Medicare Safety Net Explained

If you are receiving fertility treatment for the first time, you are unlikely to have reached the Medicare Safety Net threshold before the start of your treatment. As a result, you will be out of pocket more for your first treatment than for subsequent treatment cycles in a calendar year (this is why there are price ranges indicated on the clinic price schedules below).

Out of pocket expense is the difference between the Medicare rebate for a service and the clinic's fee for that service. Once these expenses have reached around $1,550 in a calendar year (the Medicare Safety Net Threshold), 80% of the additional out of pocket expenses will be refunded.

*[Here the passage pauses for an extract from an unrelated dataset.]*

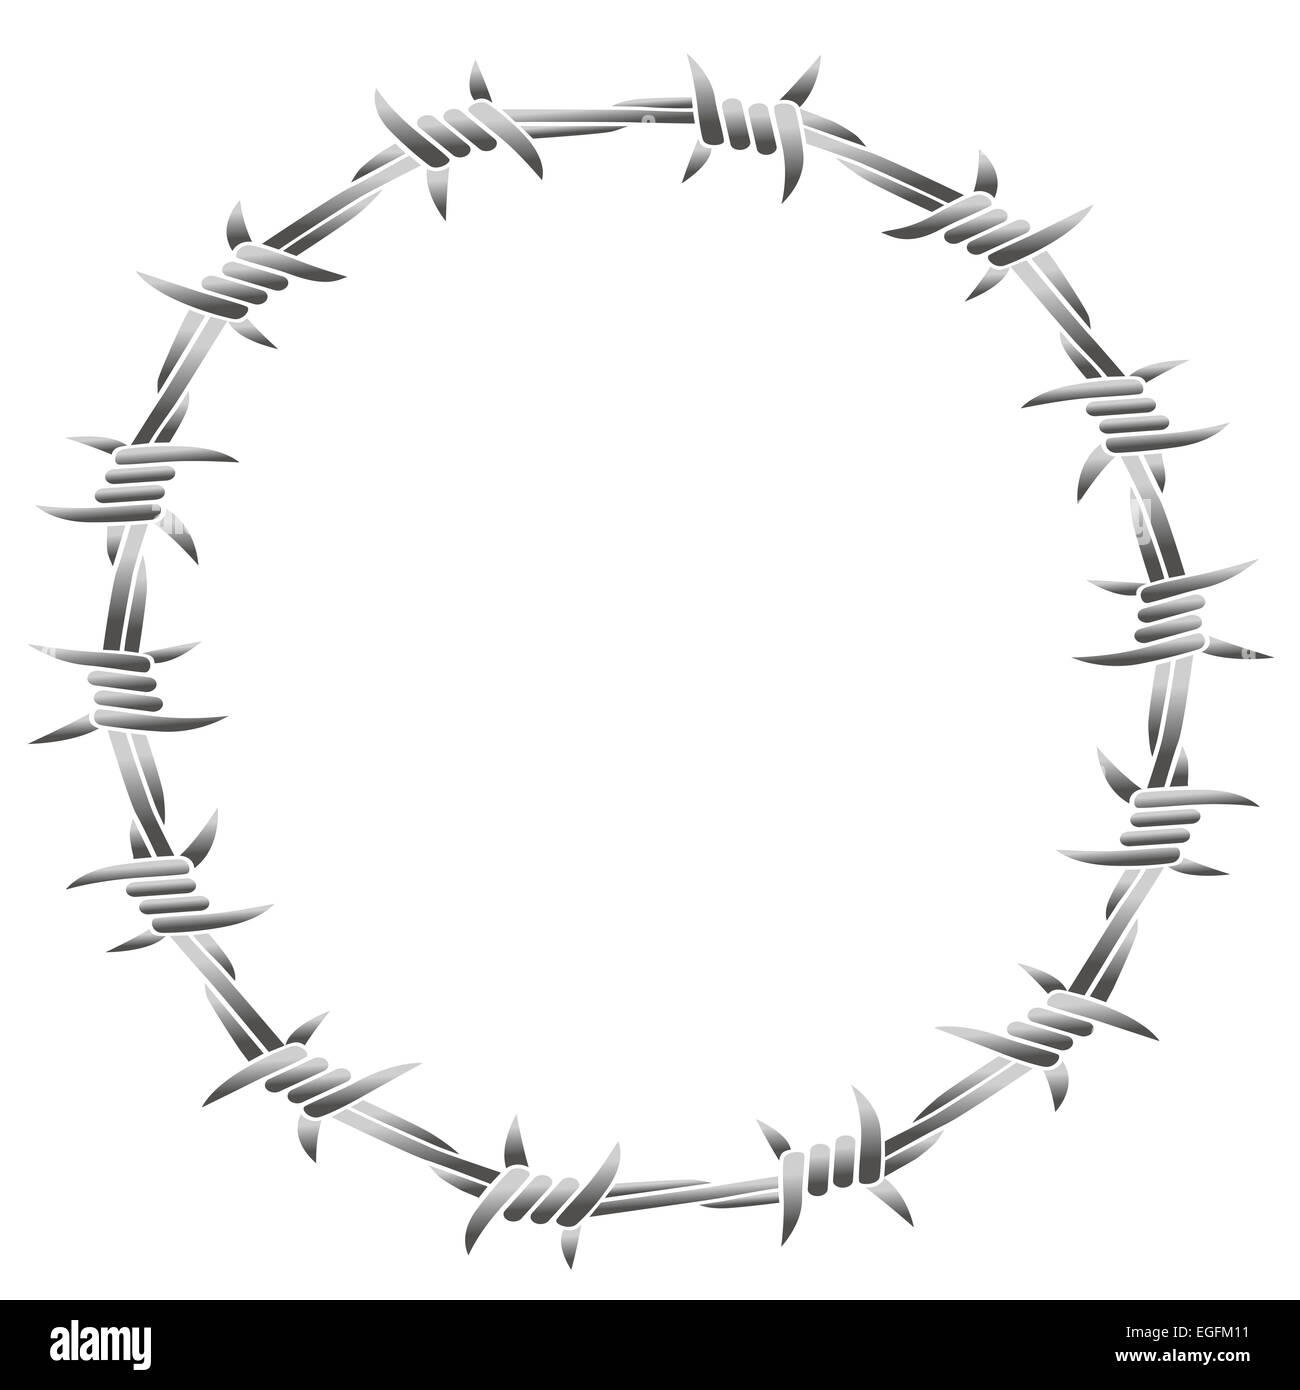 Barbed wire forming a round frame. Stock Photo

For example if you had $2000 out of pocket expenses in a calendar year you would receive a $400 rebate (note this is 80% of $500, not 80% of $2,000 - the threshold is not counted).

However since Jan 1st 2010 there is a catch! Following the Government's 2009 budget there is a cap to the maximum amount that will be refunded for procedures listed below using this formula. For example if you incur $8,000 out of pocket expenses for item 13200, Medicare will only rebate the maximum benefit of $4,420 rather than the $5,160 that would have been the case prior to Jan 1st, 2010 (80% of $6.450).

In summary things you need to know about the Medicare rebate:

For more information on the Medicare Safety Net and how to calculate your safety net threshold, please contact Medicare at 13 20 11 or visit their website at

Extended Medicare Safety Net (EMSN) Review 2009

As discussed the maximum benefit payable for expenses incurred after the Medicare Safety Net Threshold has been reached is now capped for the items listed below. This cap is the EMSN cap column. To convert this benefit to what would have been the clinic fee simply multiply this number by 1.25. For example in the case of item 13200 (basic IVF) this would be $5,526 (max benefit x 1.25).

Finally if price is a consideration for selecting a clinic then a simple method of comparing clinics (on price) is to ring each clinic and ask their fee for the Medicare item 13200 (basic IVF).

This is a simple way of effectively comparing clinic prices as they all use the same Medicare item numbers.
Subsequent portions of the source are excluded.